● Required action
For the data that follows, print the line with "Womens Mock Turtleneck", the line with "TheTrickster: Pinball Arcade: Black", and all lines between them, exactly as they stand. Omit pictures and add nothing.

● Materials provided
------------------------------------------------
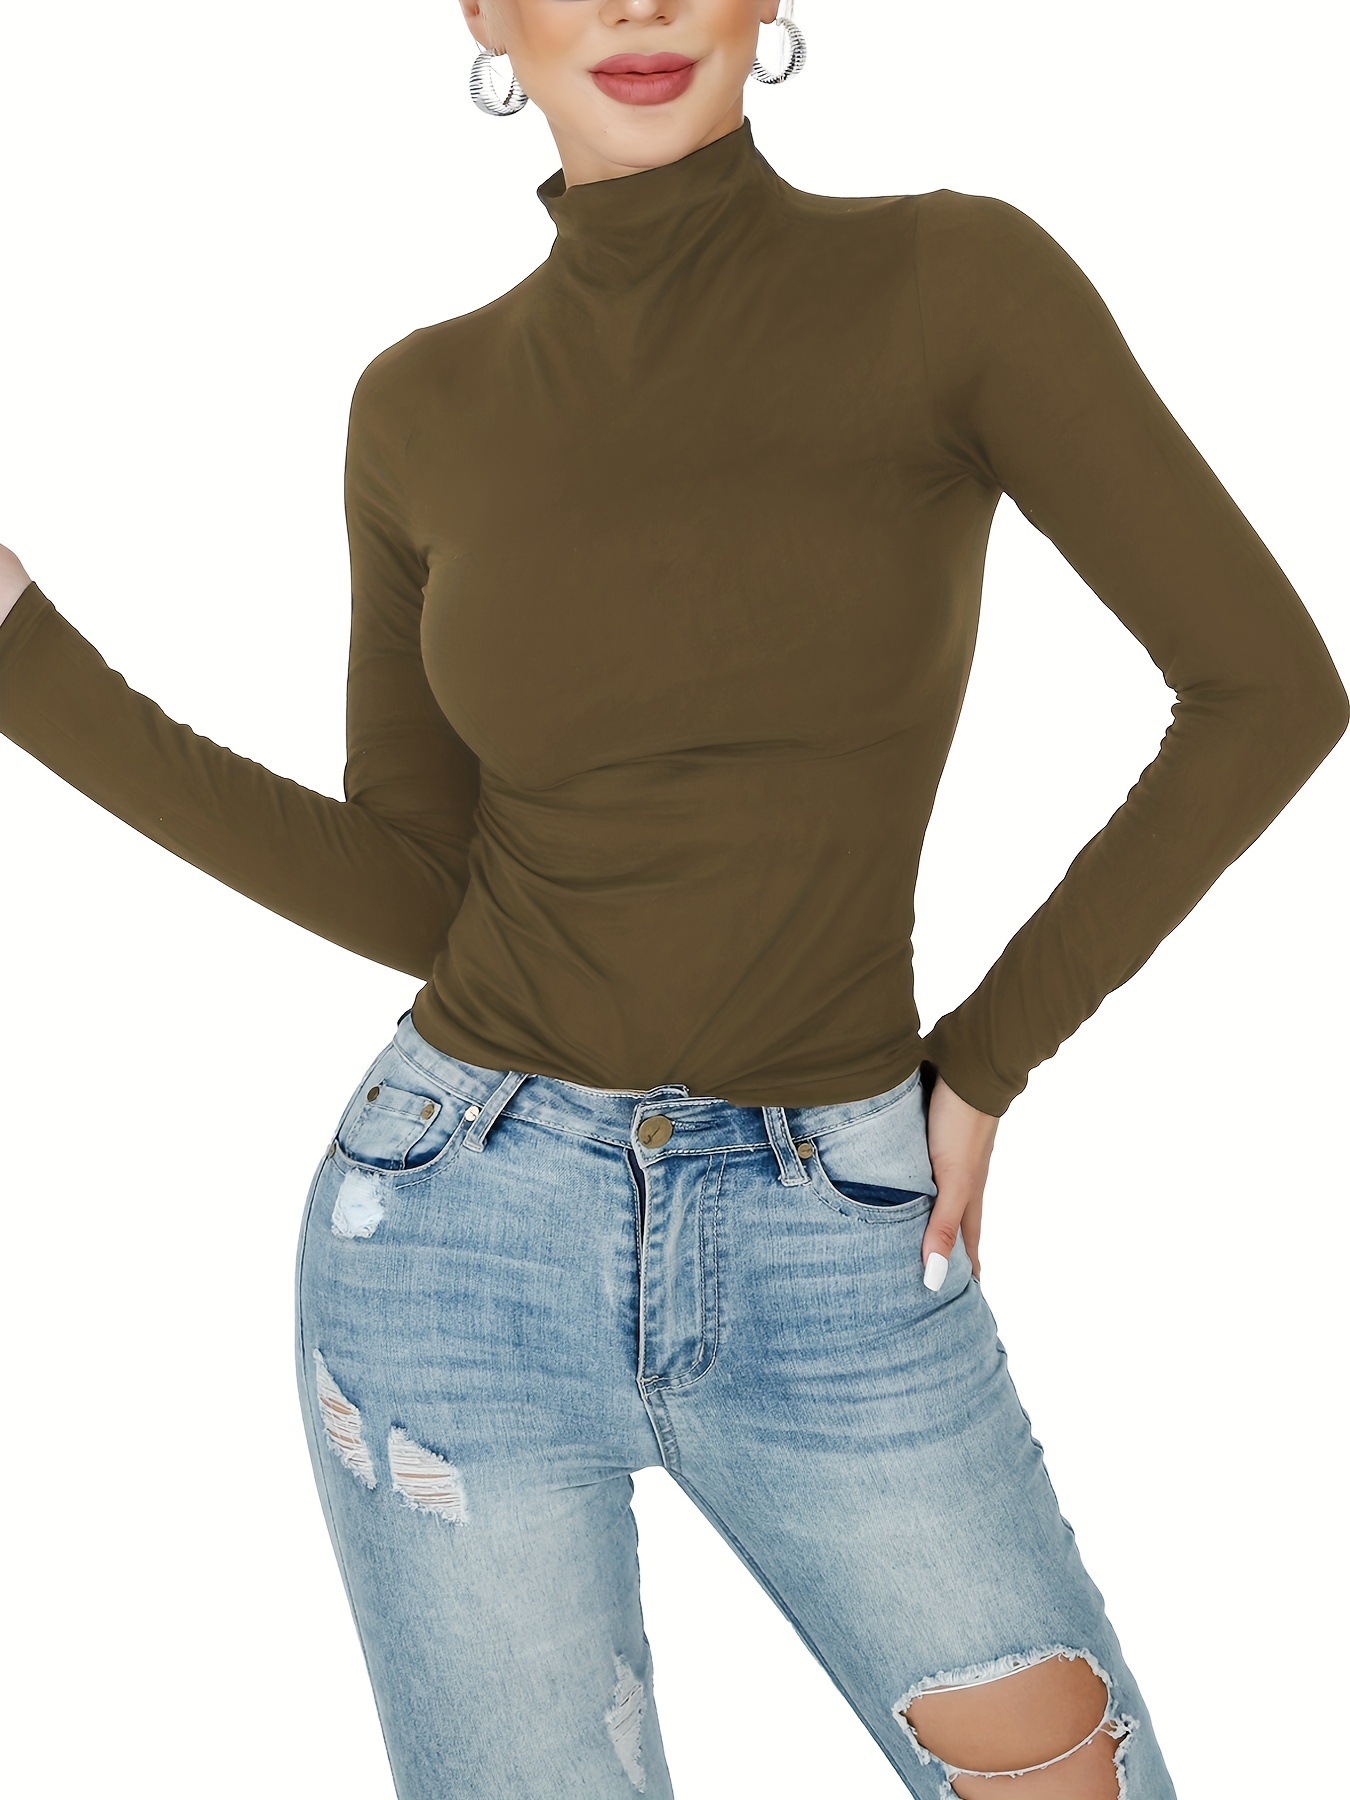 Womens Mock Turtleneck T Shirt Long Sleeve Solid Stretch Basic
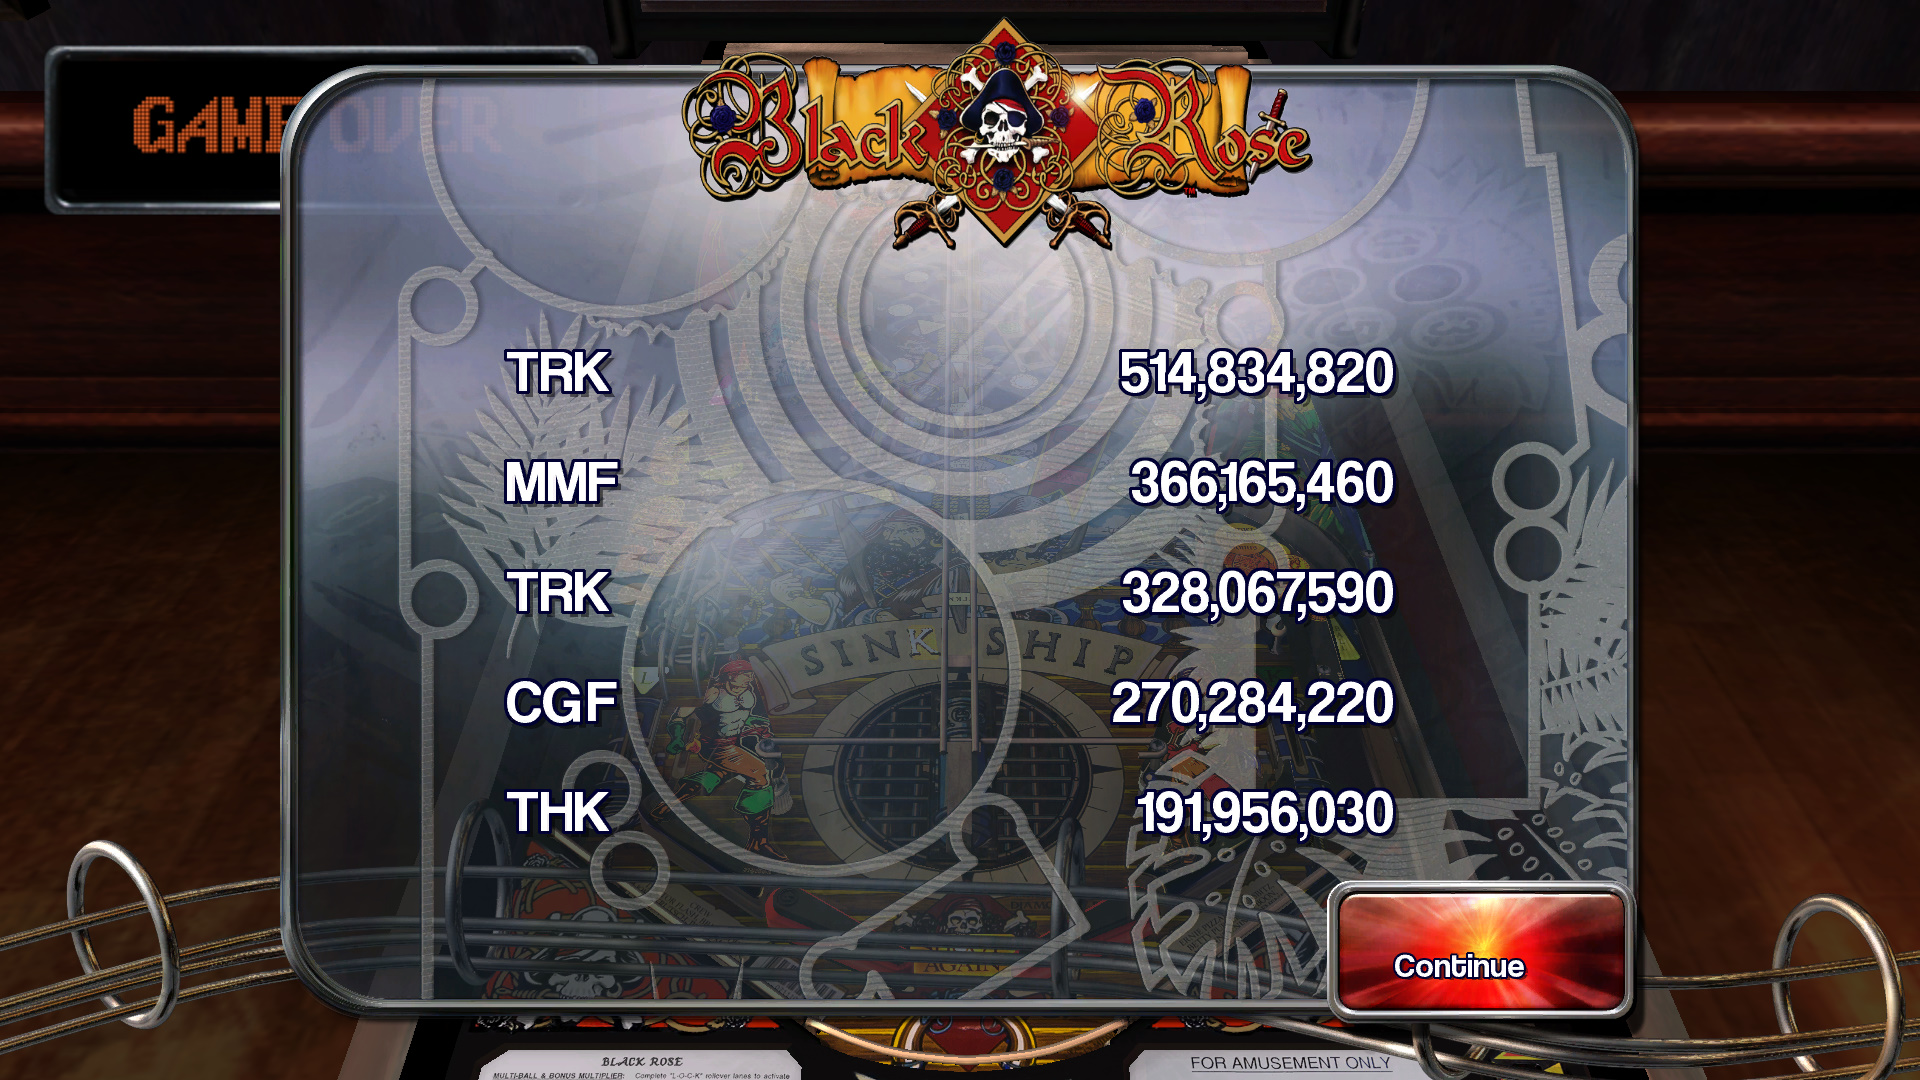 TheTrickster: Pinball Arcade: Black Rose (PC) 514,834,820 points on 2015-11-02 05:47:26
------------------------------------------------
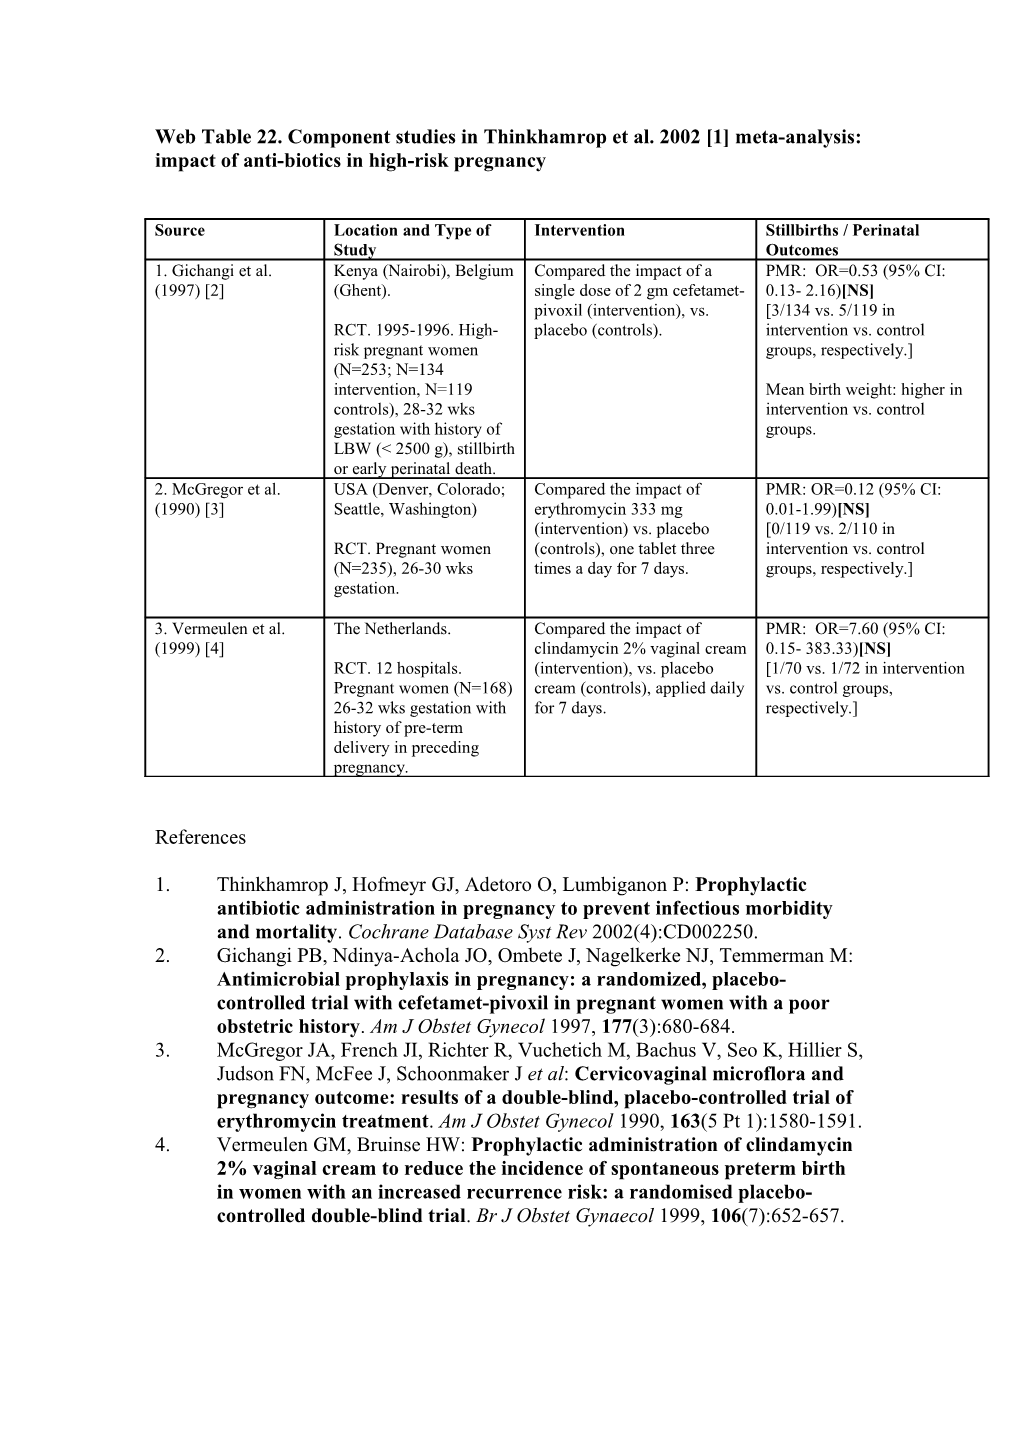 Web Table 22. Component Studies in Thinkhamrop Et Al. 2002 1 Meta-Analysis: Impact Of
------------------------------------------------
● Solution for this task
 Womens Mock Turtleneck T Shirt Long Sleeve Solid Stretch Basic
 TheTrickster: Pinball Arcade: Black Rose (PC) 514,834,820 points on 2015-11-02 05:47:26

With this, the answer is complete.